• _TASK TO CARRY OUT_:
Everything in the listing should be set down exactly, apart from the pictures.

• _AVAILABLE DATA_:
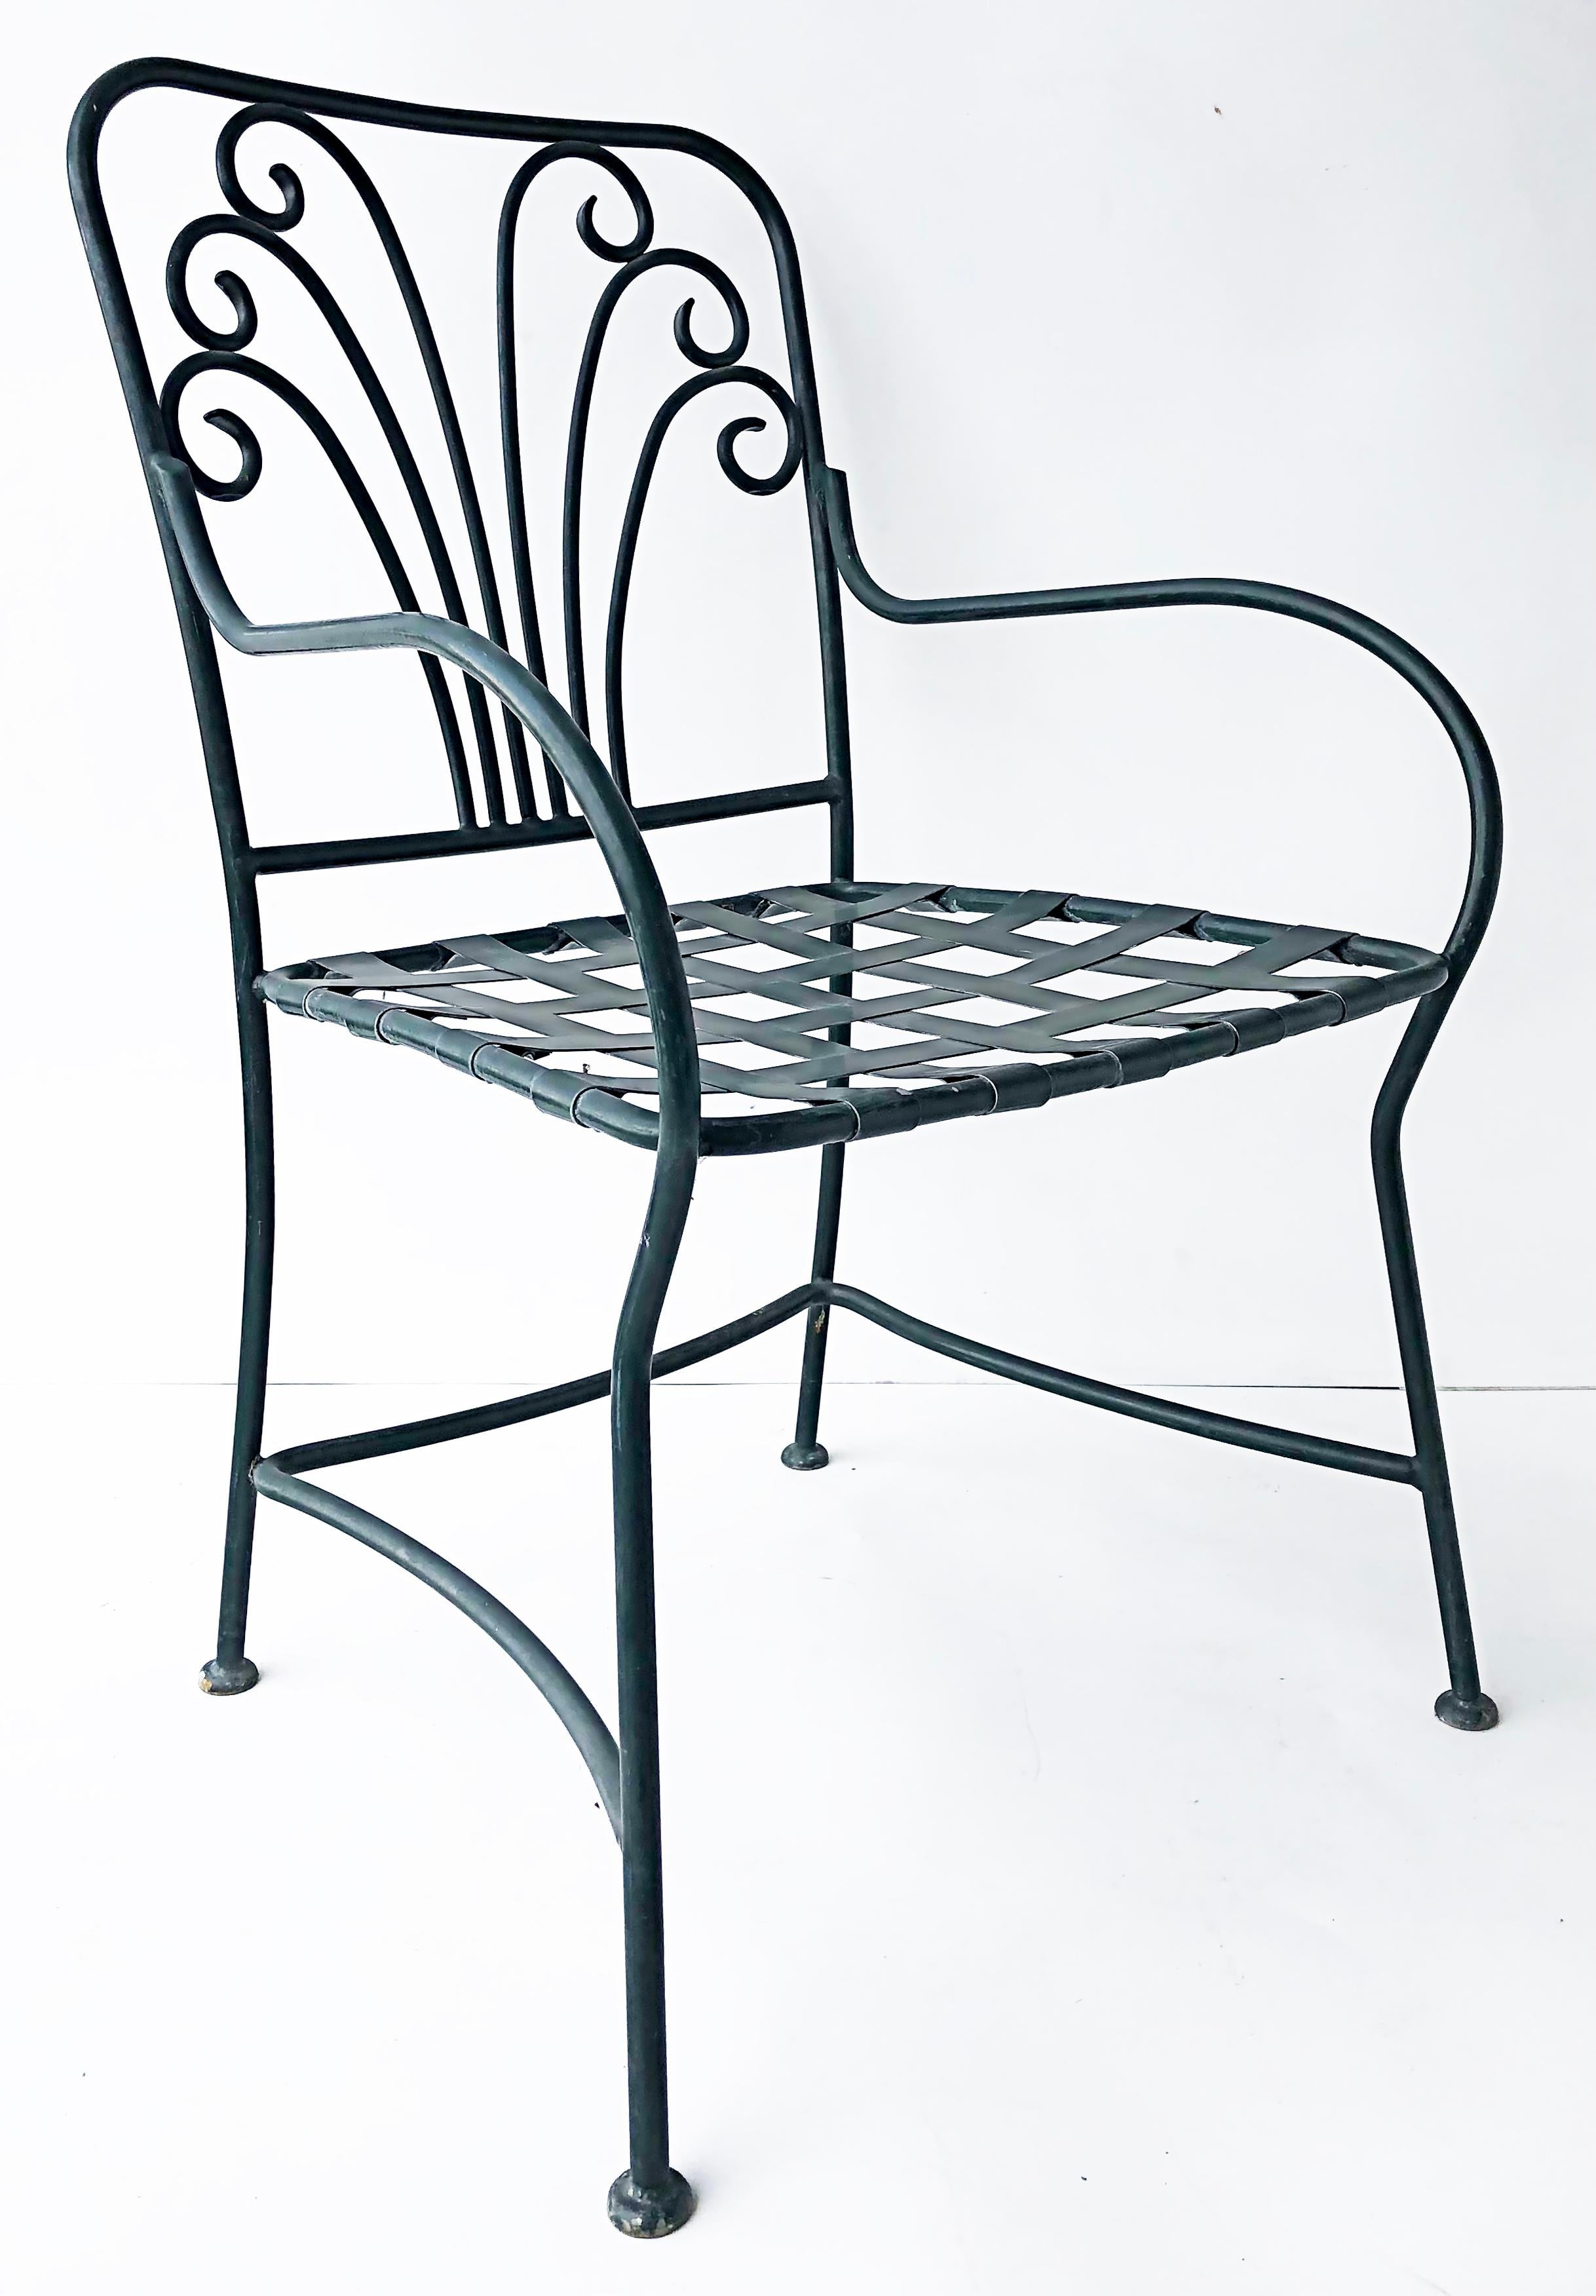 American Wrought Iron Powder-Coated Garden/Patio Dining Chairs, Set of 8
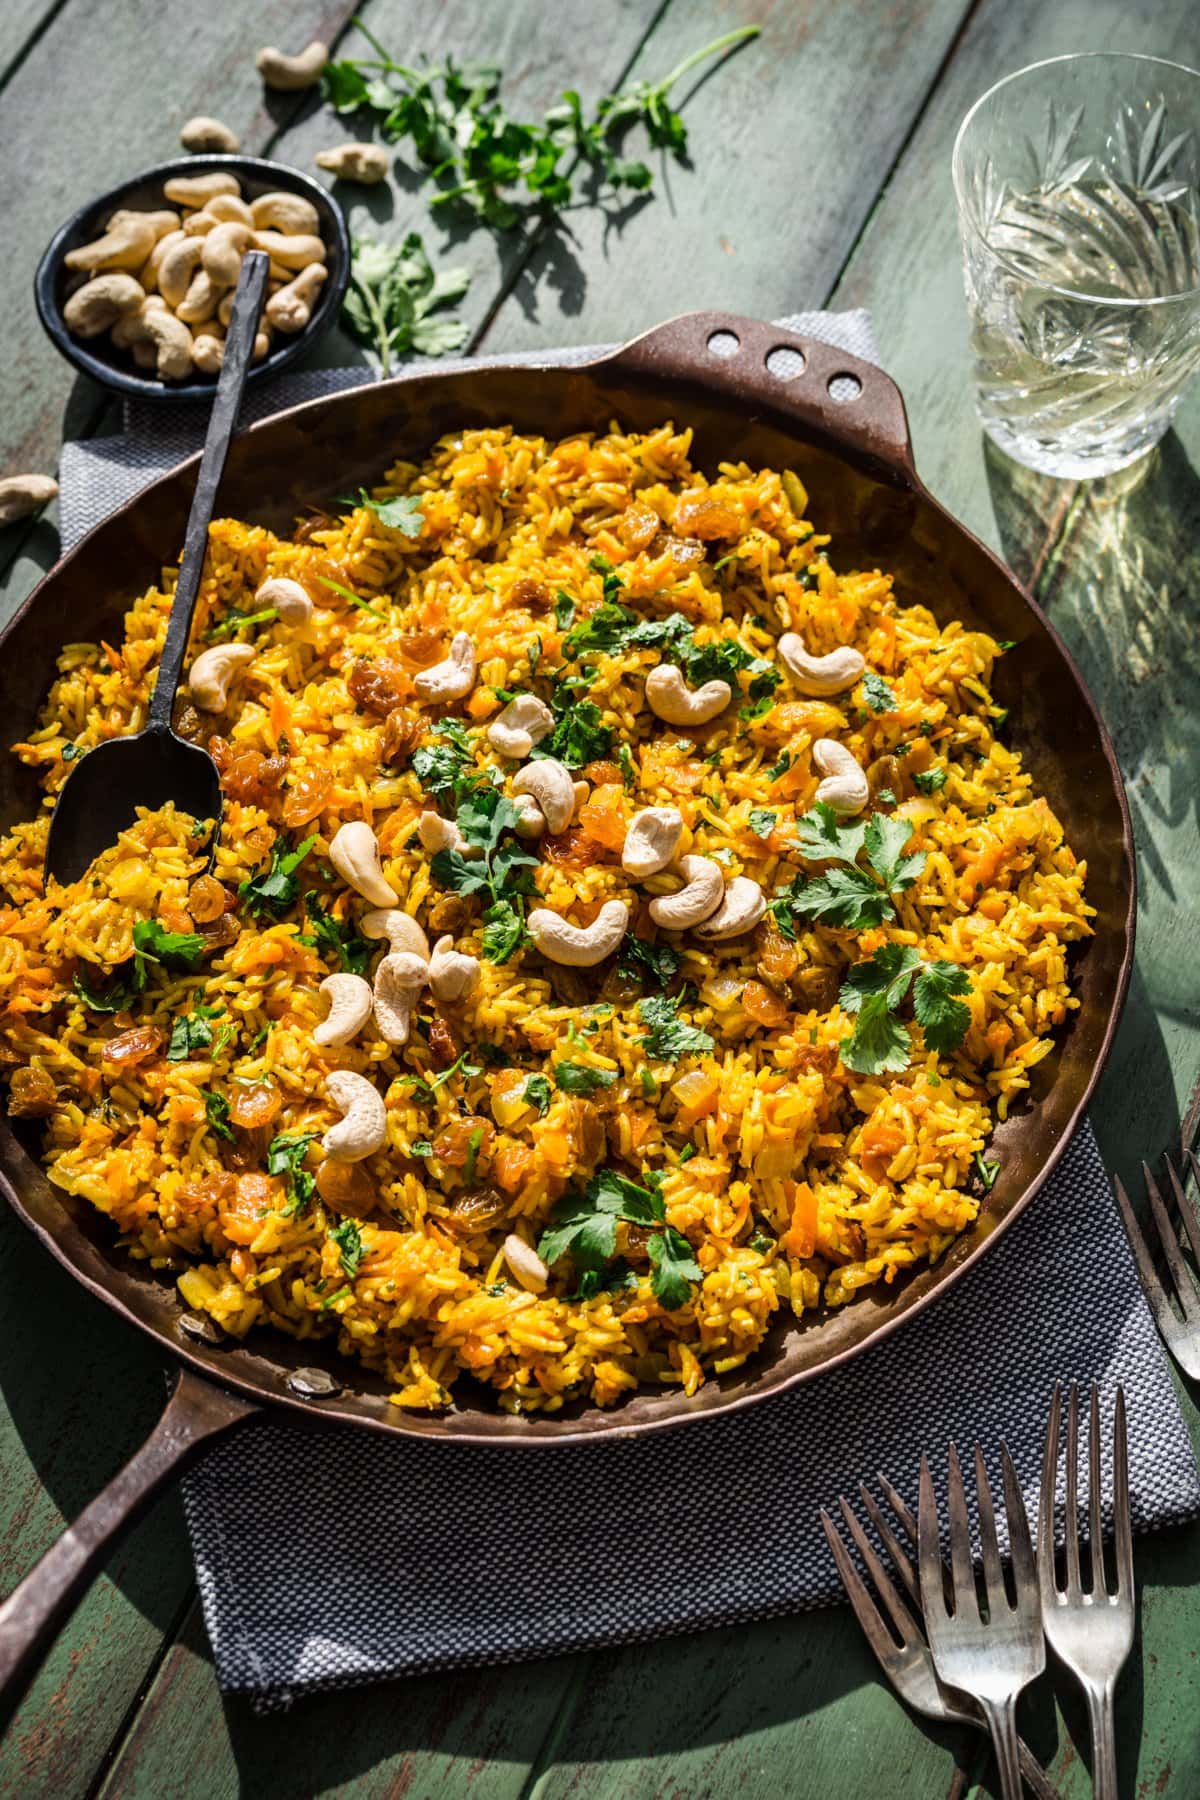 Overhead view of carrot rice in a pan, garnished with golden raisins, cilantro, and cashews.
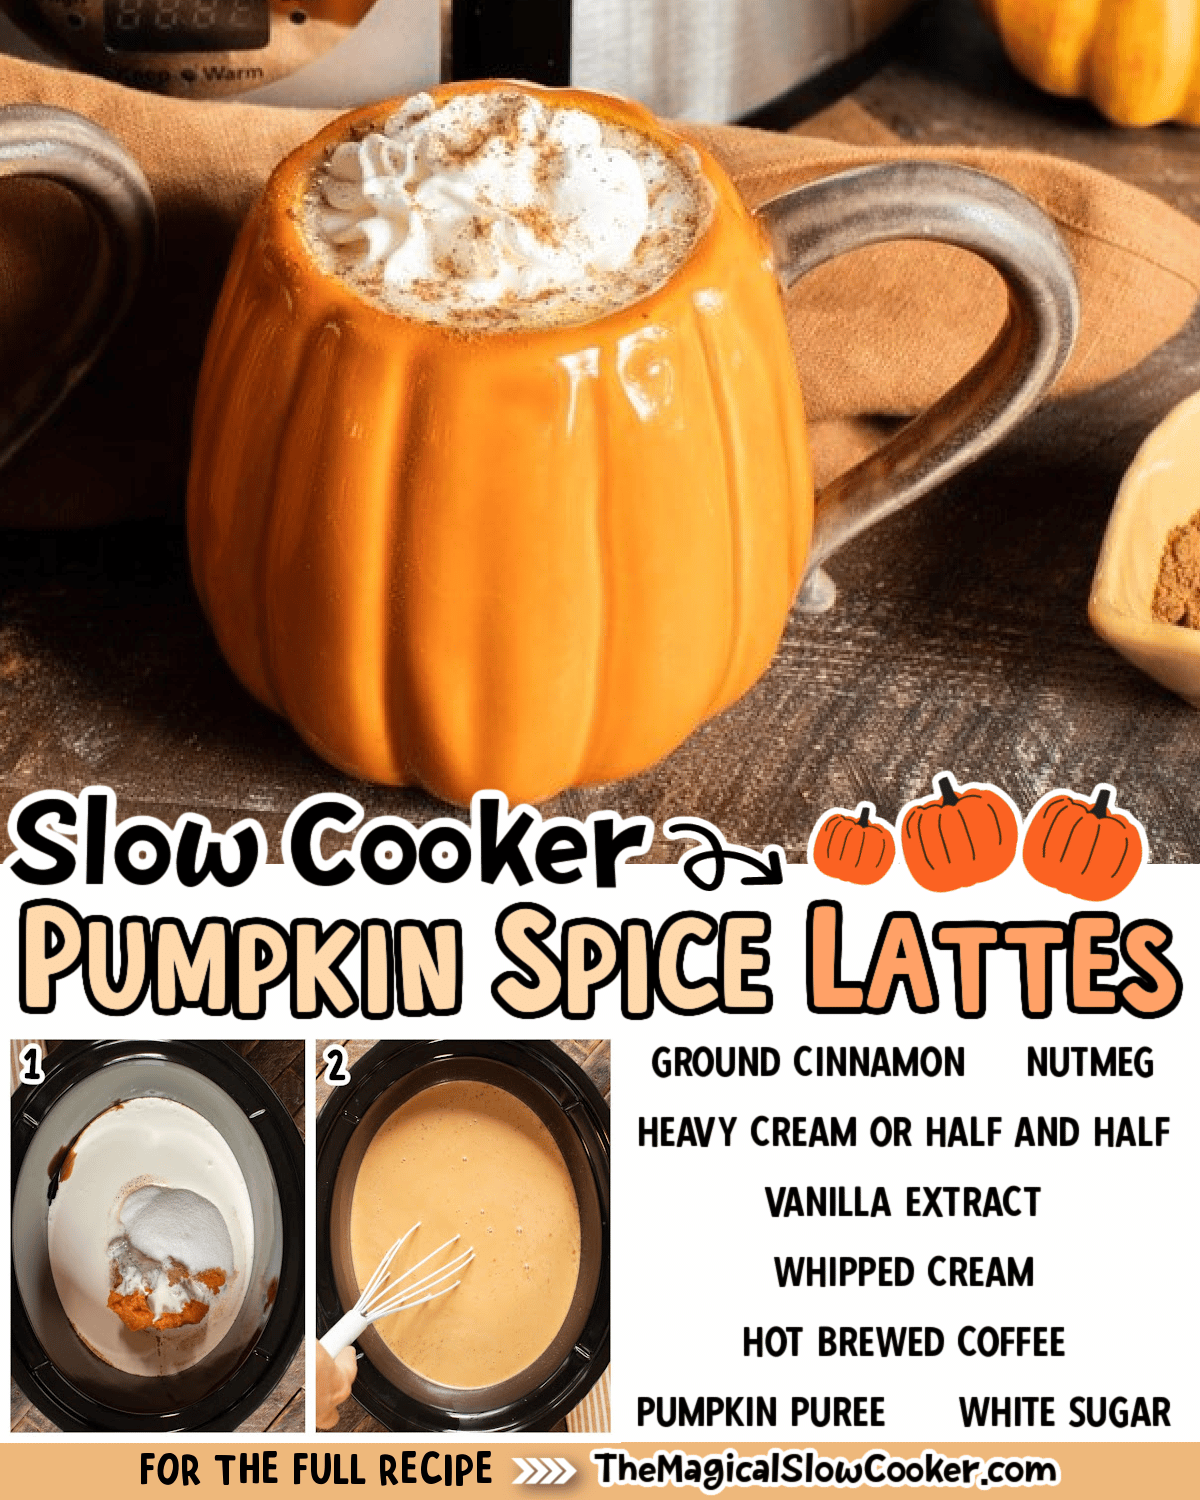 Collage of pumpkin spice latte images with text of ingredients.

• _REPLY_:
 American Wrought Iron Powder-Coated Garden/Patio Dining Chairs, Set of 8
 Overhead view of carrot rice in a pan, garnished with golden raisins, cilantro, and cashews.
 Collage of pumpkin spice latte images with text of ingredients.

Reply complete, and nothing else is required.